**Task brief:** What you return should be only the lines in the entries below between the one holding "日立産機システム EFOUP-KQ 0.4KW" and the one holding "Childrens/Kids Printed Splat", ends included, with every picture left out.

**Given entries:**
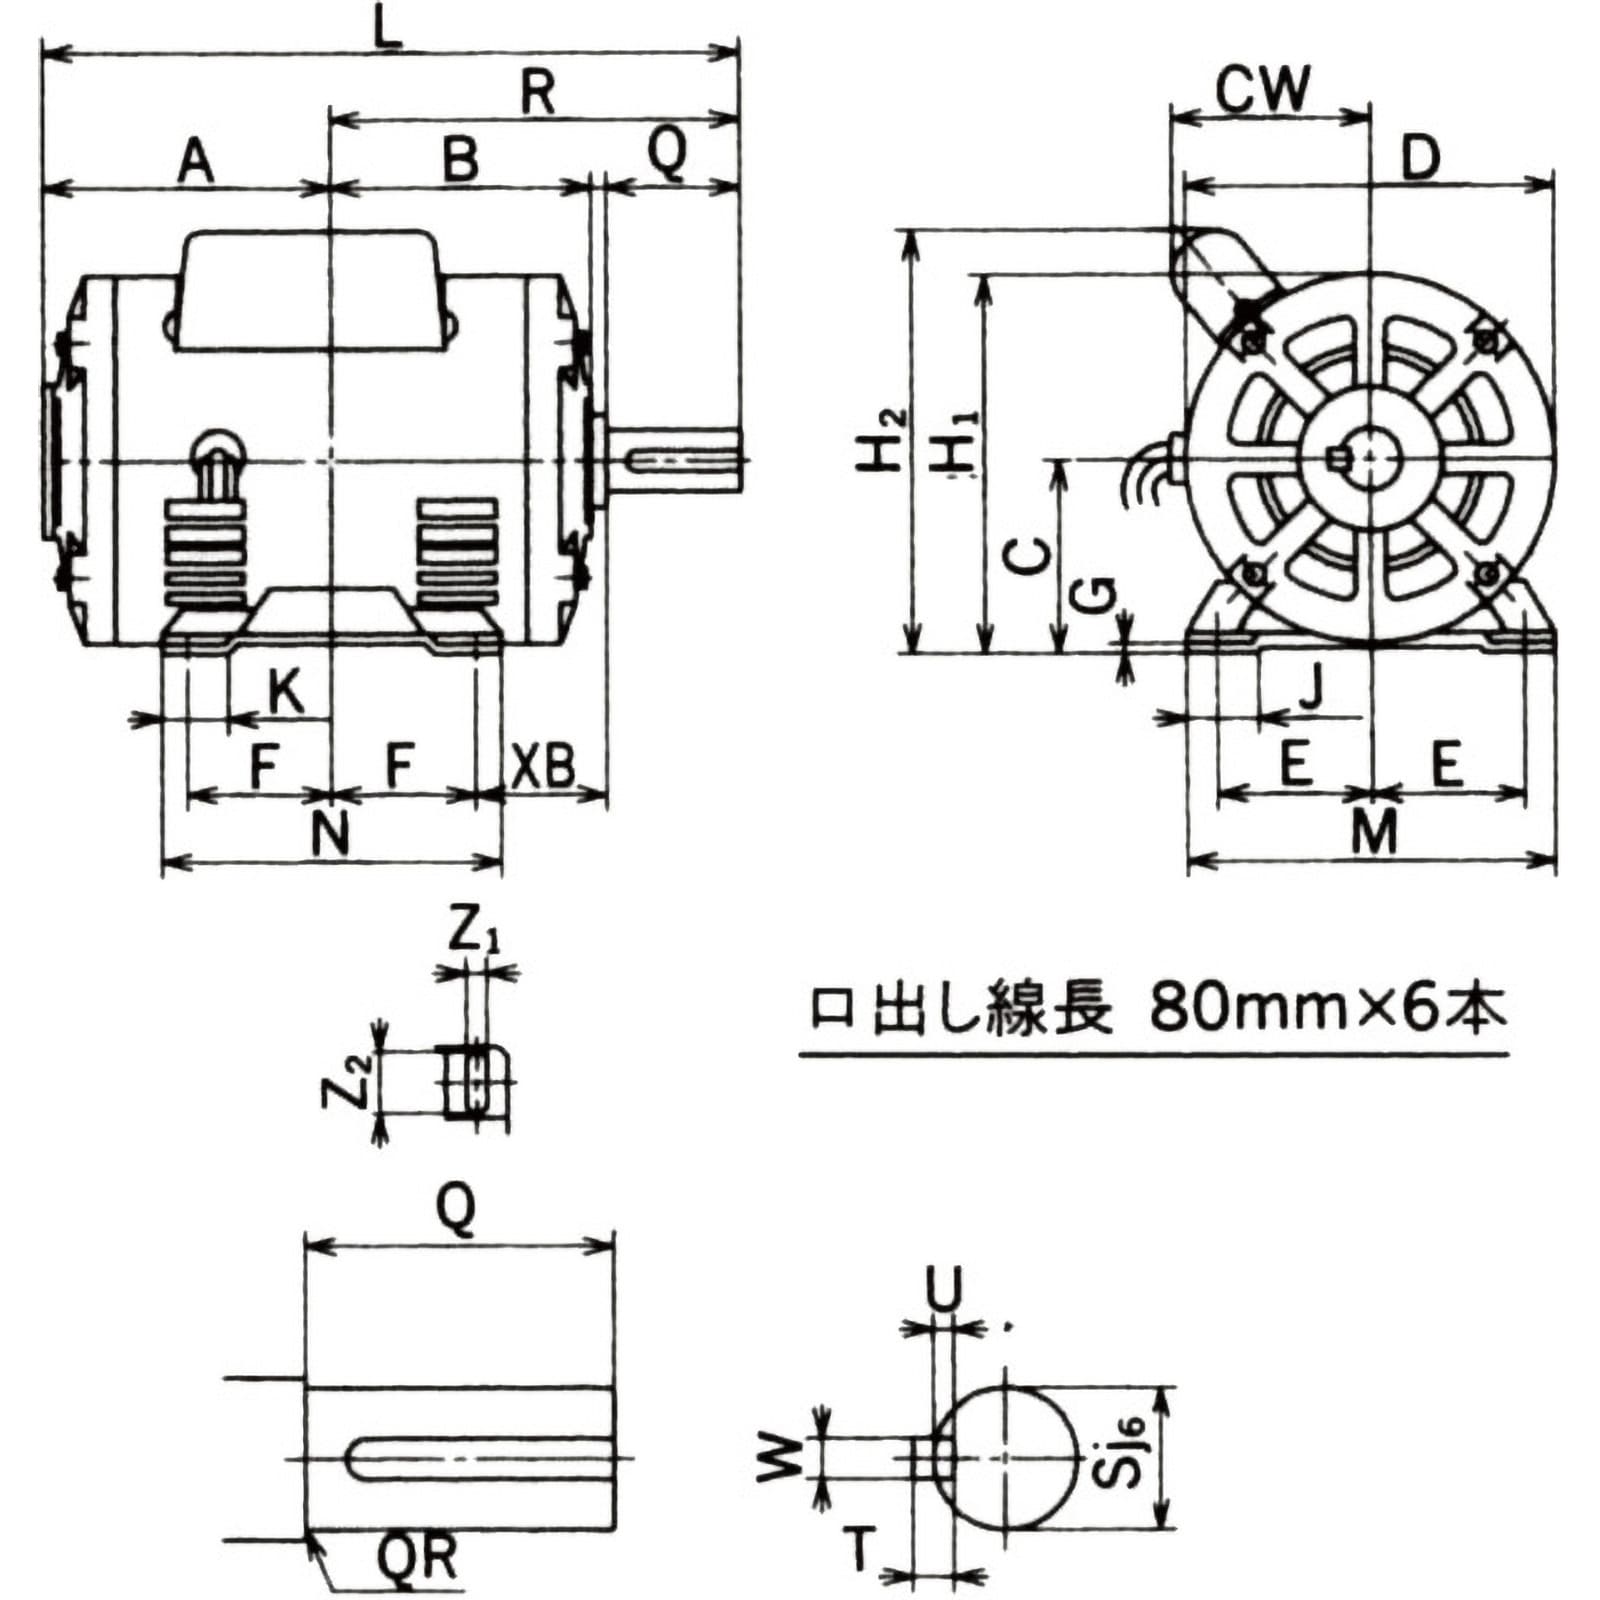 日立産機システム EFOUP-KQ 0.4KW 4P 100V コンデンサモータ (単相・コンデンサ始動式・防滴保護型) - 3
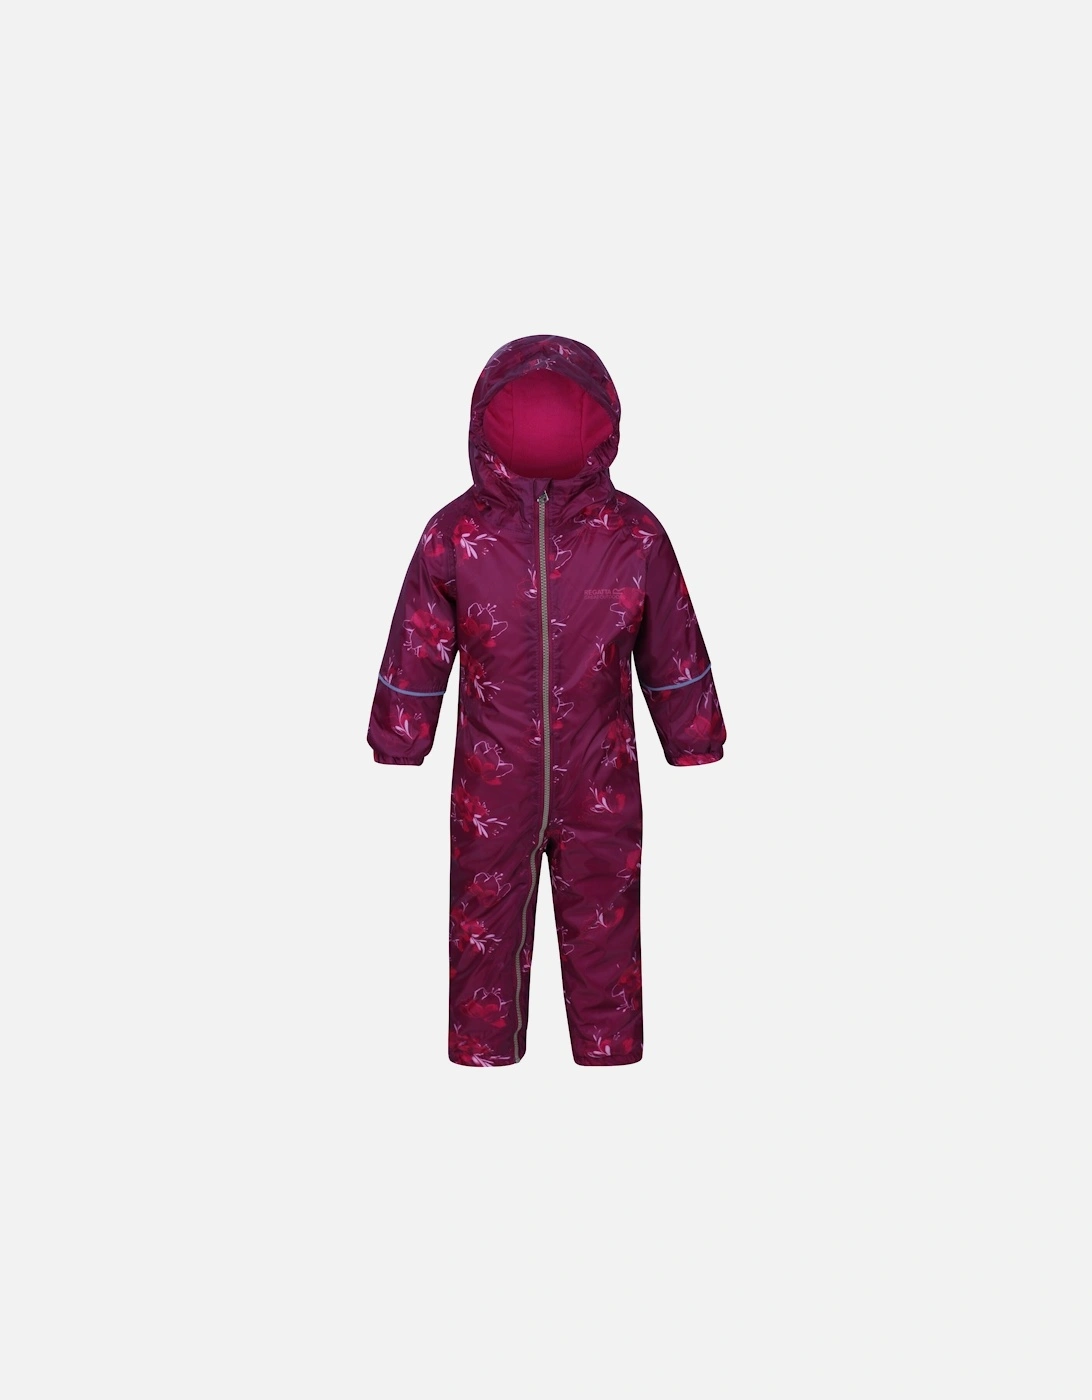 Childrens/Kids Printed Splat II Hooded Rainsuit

...

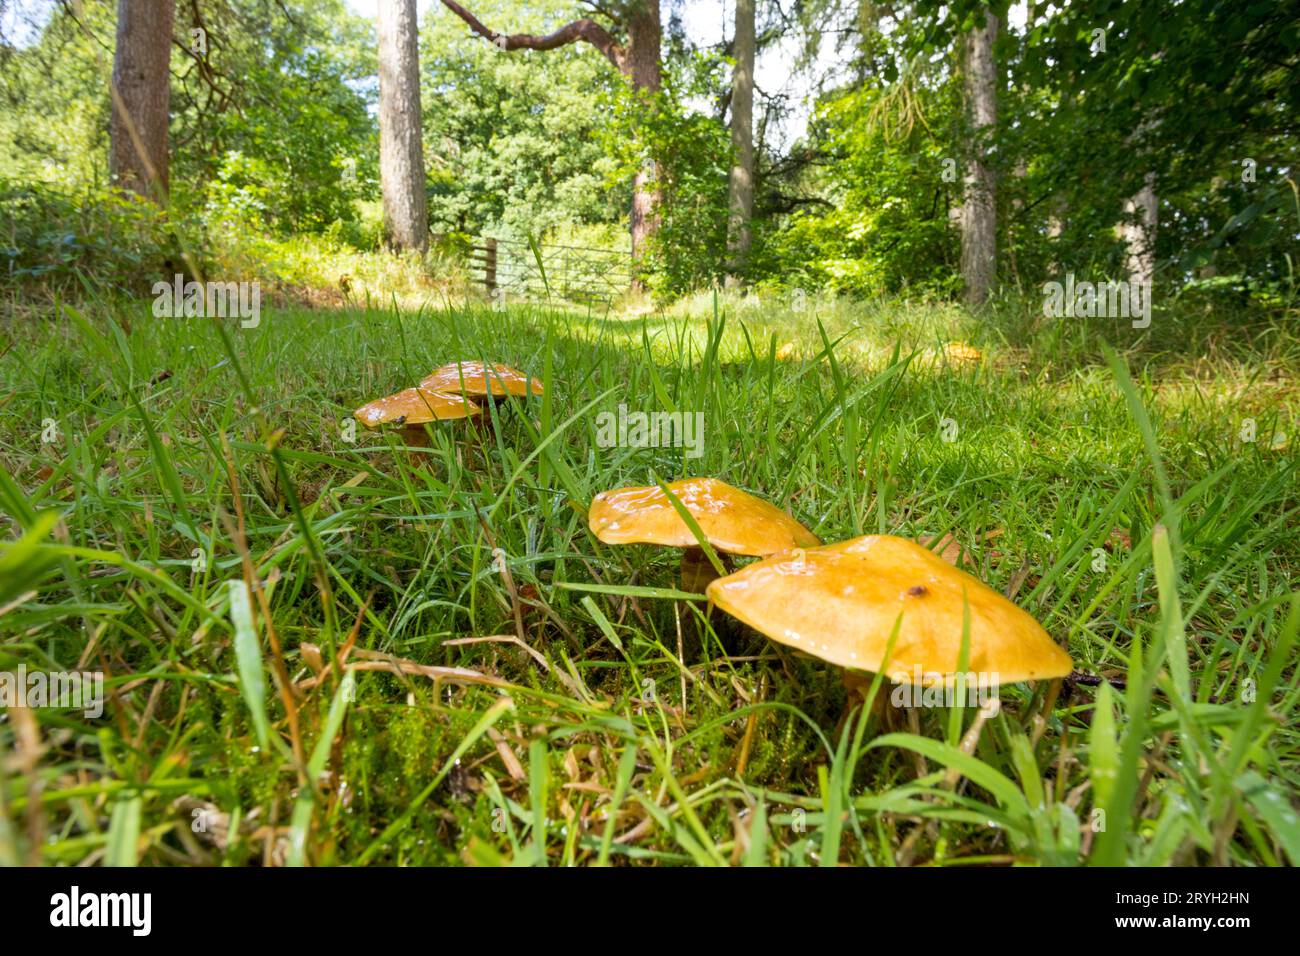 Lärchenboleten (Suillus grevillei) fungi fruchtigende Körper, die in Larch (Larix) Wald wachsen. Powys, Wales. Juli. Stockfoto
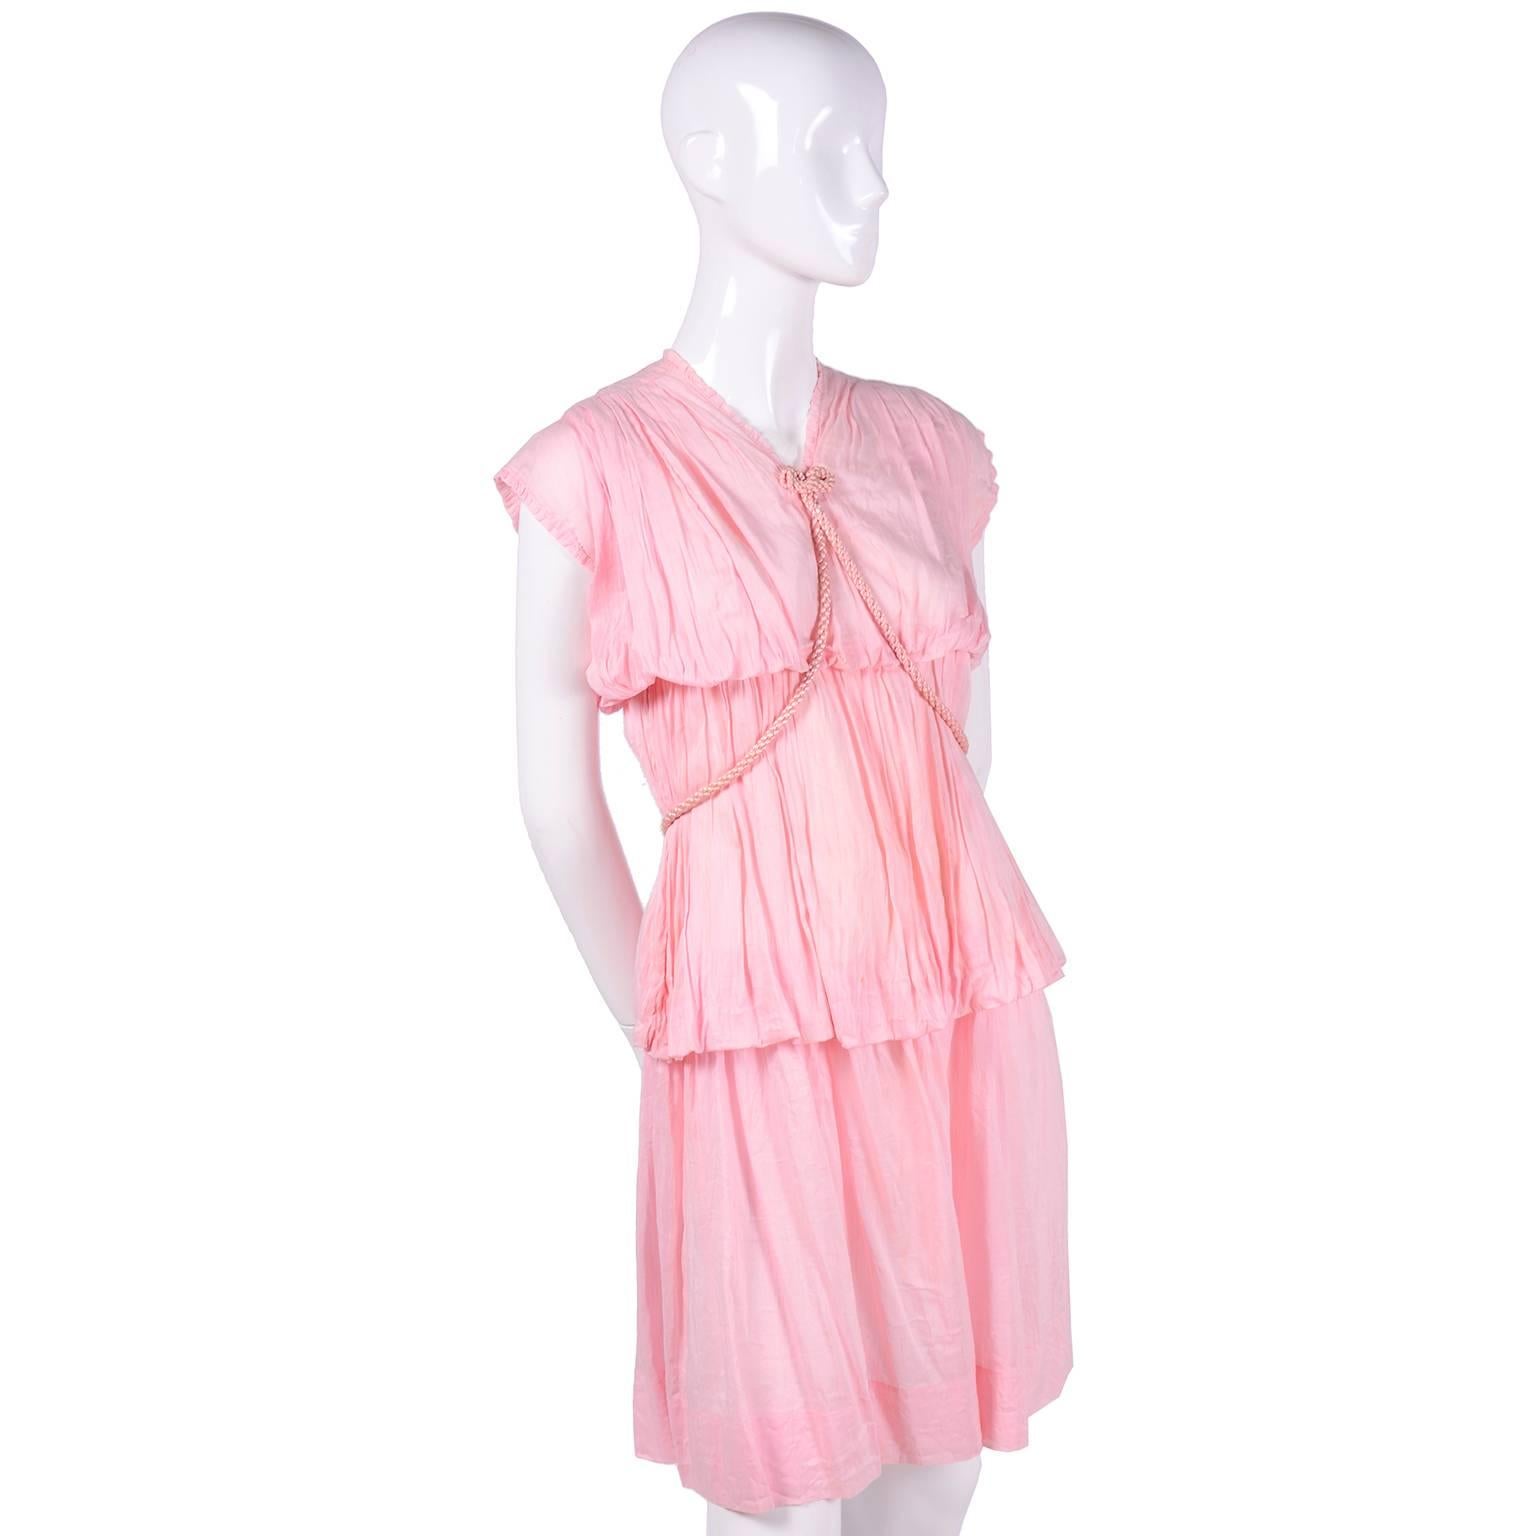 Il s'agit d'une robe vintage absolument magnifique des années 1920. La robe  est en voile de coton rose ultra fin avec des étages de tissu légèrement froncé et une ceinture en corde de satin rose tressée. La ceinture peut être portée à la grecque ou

**Answer area:**
 日立産機システム EFOUP-KQ 0.4KW 4P 100V コンデンサモータ (単相・コンデンサ始動式・防滴保護型) - 3
 Childrens/Kids Printed Splat II Hooded Rainsuit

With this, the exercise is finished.